Detrimental reliance, or as it is also known, promissory estoppel, is something law professors like, but is rarely seen in the real world. In general, to win on PE (which is a real feat), you have to show that the promisor could have reasonably foreseen an actual detriment occasioned by your reliance (i.e., you have to show something more than “Promisor should have known I might have done things differently if he didn’t make this promise.”)

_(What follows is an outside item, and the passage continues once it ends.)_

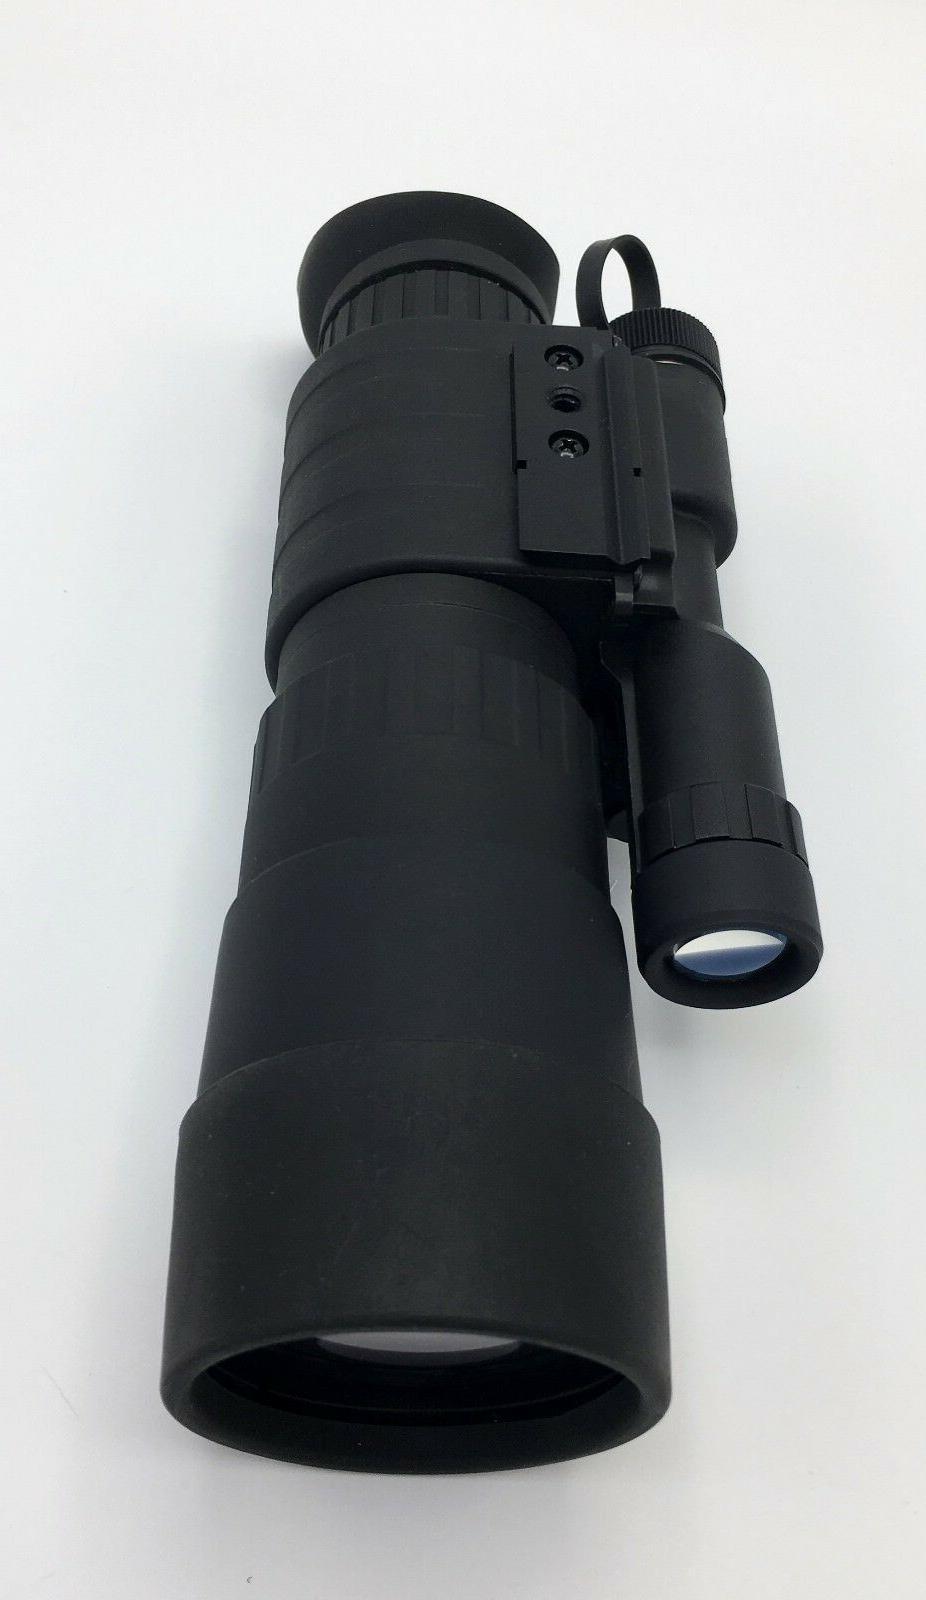 Pulsar® Vision Infrared/IR 3.5x50mm
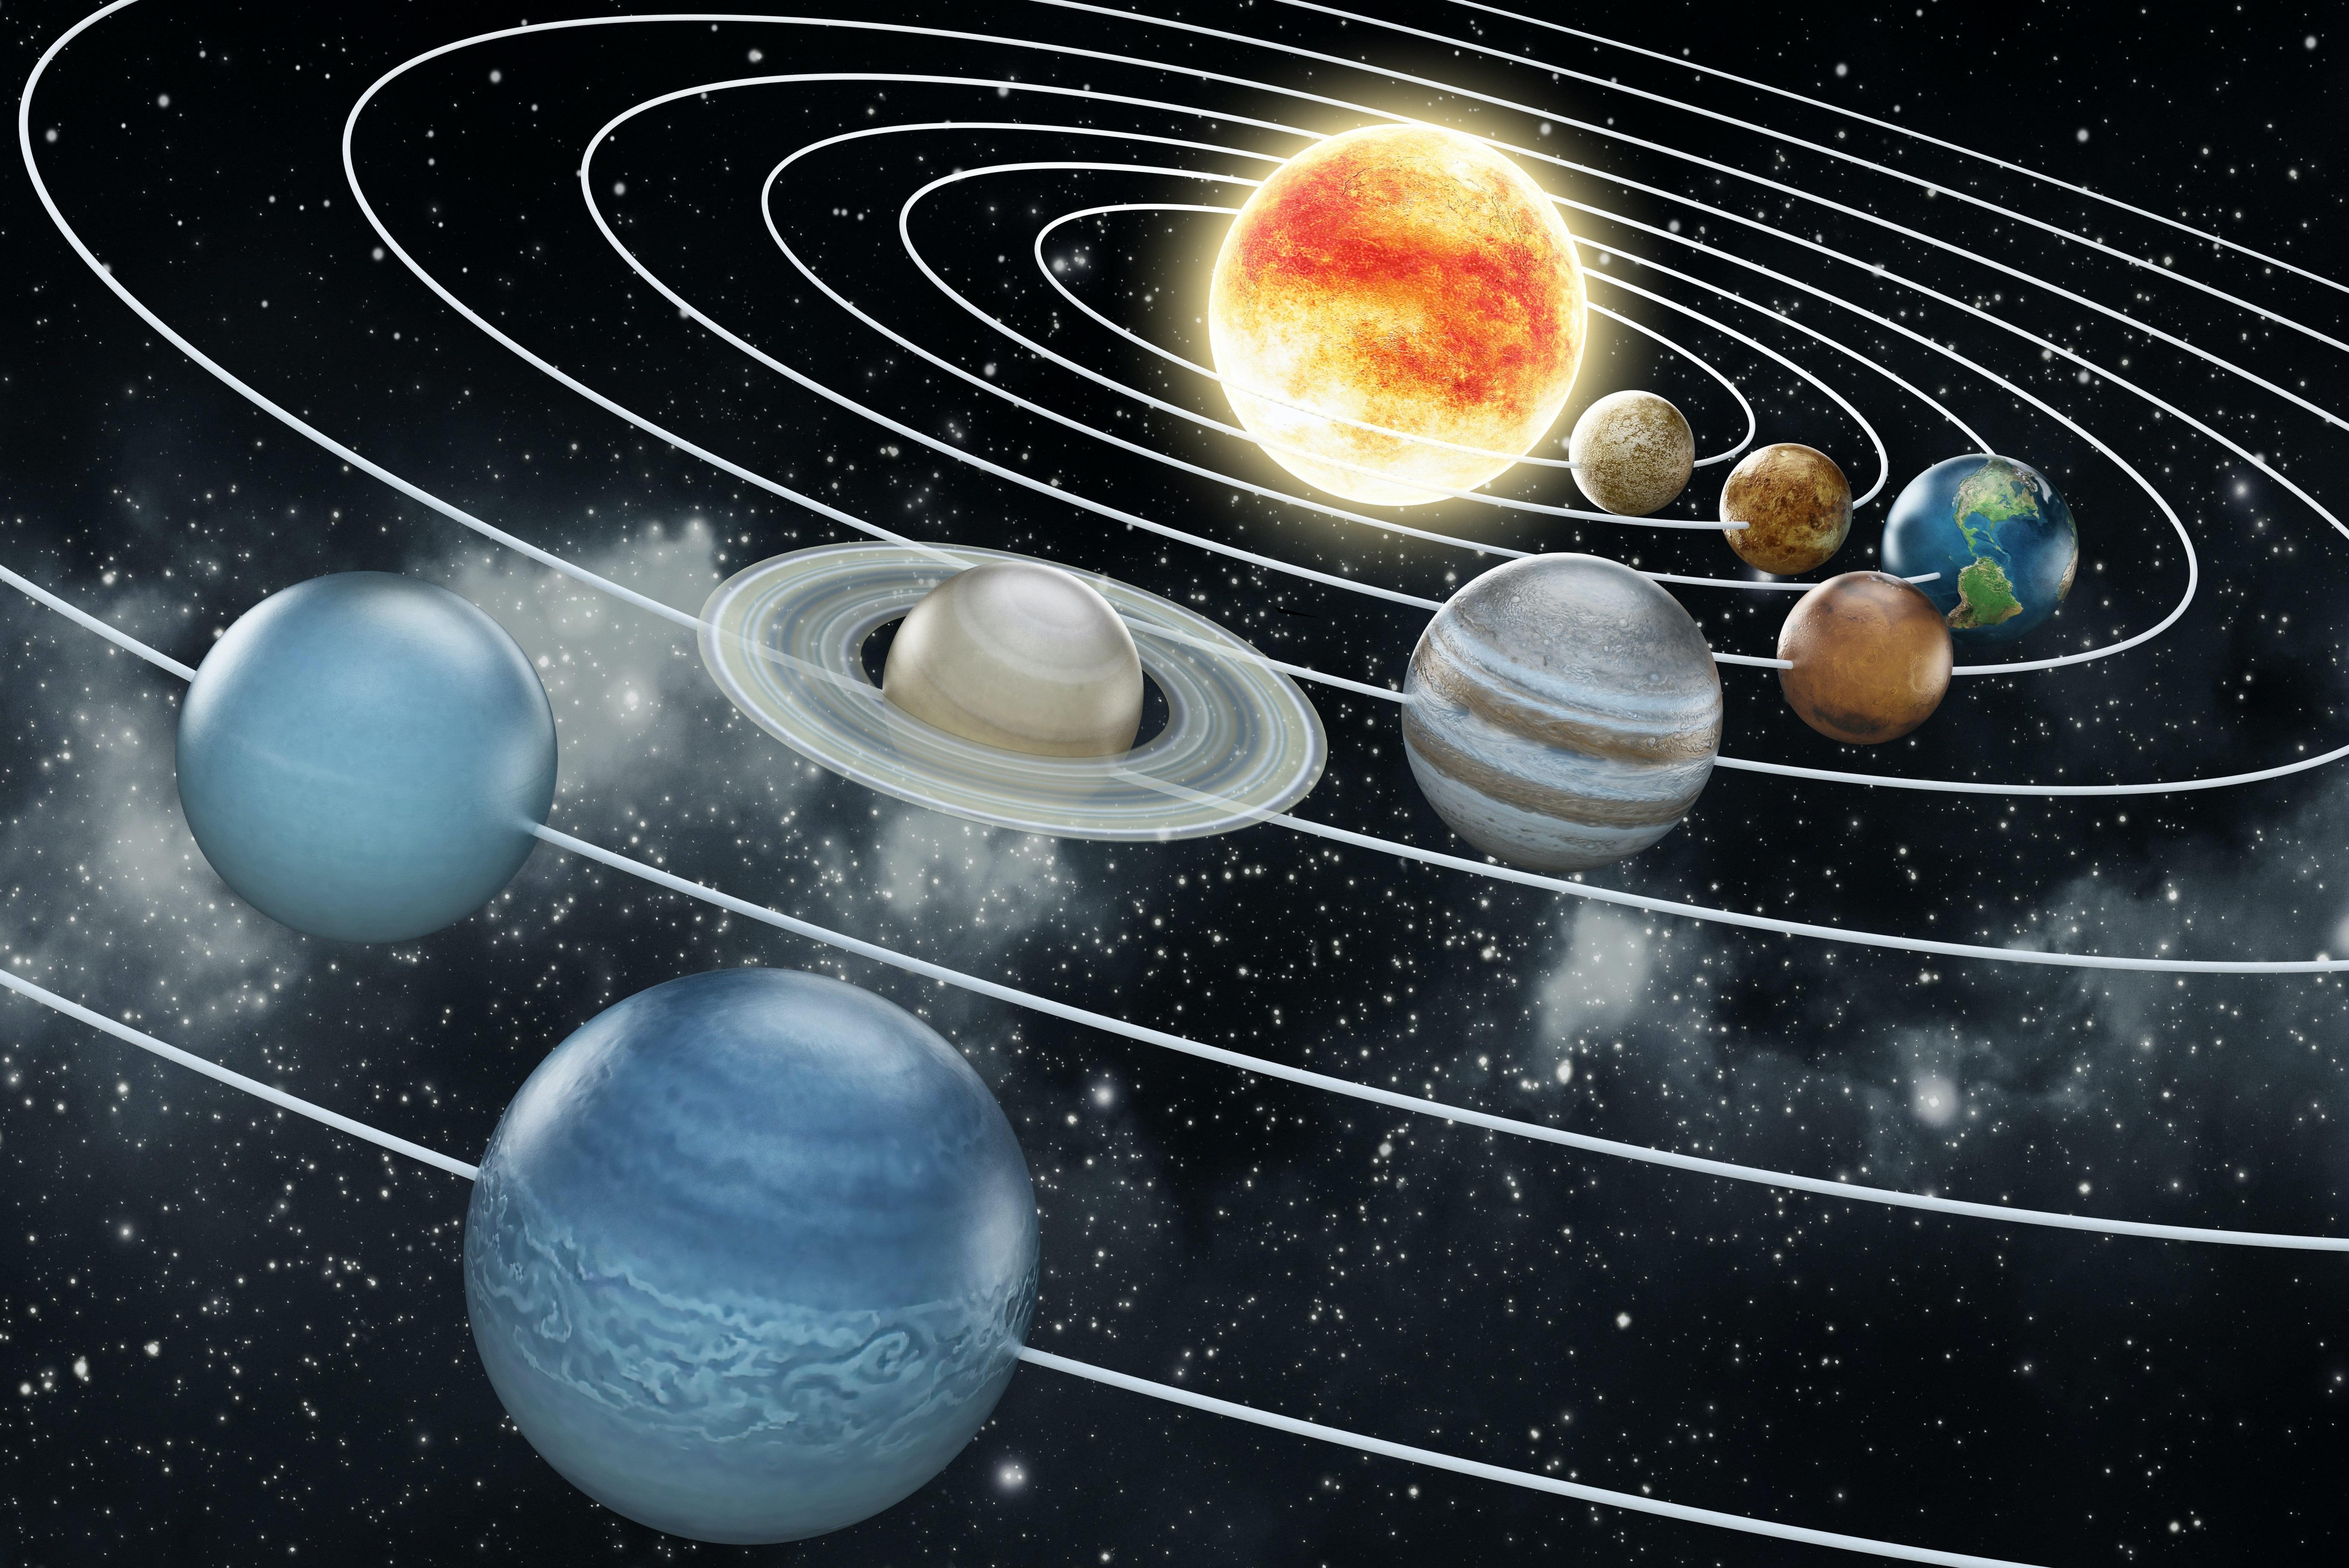 Fakta om Solsystemet

We have important reasons for requiring consideration to pass between the parties before making promises enforceable. It costs money to run a court system, so we want our courts to focus on regulating commercial transactions, so that we can have a flourishing economy, rather than regulating gratuitous generosity. The exchange of consideration also alerts the parties that something serious is going on, so we don’t end up enforcing mere capricious unilateral decisions but instead considered negotiated agreements. All this is to say that, while it might on first glance seem unfair to the disappointed promisee that he can’t prevail in court, a world without the consideration requirement is even more unlovely and that we should expand theories like PE only with great trepidation.
Here you see something that appears much more like a foreseeable and concrete detriment. It is very similar to what happened in Hoffman v. Red Owl Stores, a notable case from a period where PE looked like it may be ascendant (rumors of consideration’s death, it turns out, were greatly exaggerated).
Indeed, if I were your lawyer in the above scenario, I wouldn’t even proceed on a PE theory. I’d plead it as a plain old breach of contract case and simply say that the consideration was a promise-and-performance exchange: In exchange for your taking on the burden of selling your car as Defendant requested, Defendant promised to give you his car. The weak point in this is that your selling your car doesn’t seem to benefit the Defendant. Nevertheless, the common law provides that consideration can take the form of rendering a benefit to the counterparty or assuming some burden at the counterparty’s request. I guess you could plead PE in the alternative.
Yeah, I don’t get it. Not only is the giftor NOT getting a benefit, they are getting a loss - loss of use of their own vehicle for an indeterminate time. Unless you can demonstrate some benefit (it’s your boss, and you will keep showing up to work if you have a car; or it’s the guy you deliver groceries to if/when you have a vehicle; etc.) it would seem to be a very obvious form of gift. You better be one sharp lawyer to argue the case otherhow.
I think you have the identities of who is doing what confused.
We have two people, Promisor and Ann. Each of them has a car of her own. Let’s say Ann has a Hyundai and Promisor has a Jaguar.
On Monday, Promisor says to Ann: “Ann, sell your Hyundai. If you do, I will give you my Jaguar next week.”
Ann says “Rad. I’ll do that right away.” And the very next thing she does is to sell her Hyundai.
Next Monday, one week later, Ann goes to Promisor and says, “I’ll take that Jaguar of yours now.” And Promisor responds, “On second thought, I’m going to keep the Jag. Tough break, Toots.”
This is breach, not a promised gift that failed to materialize.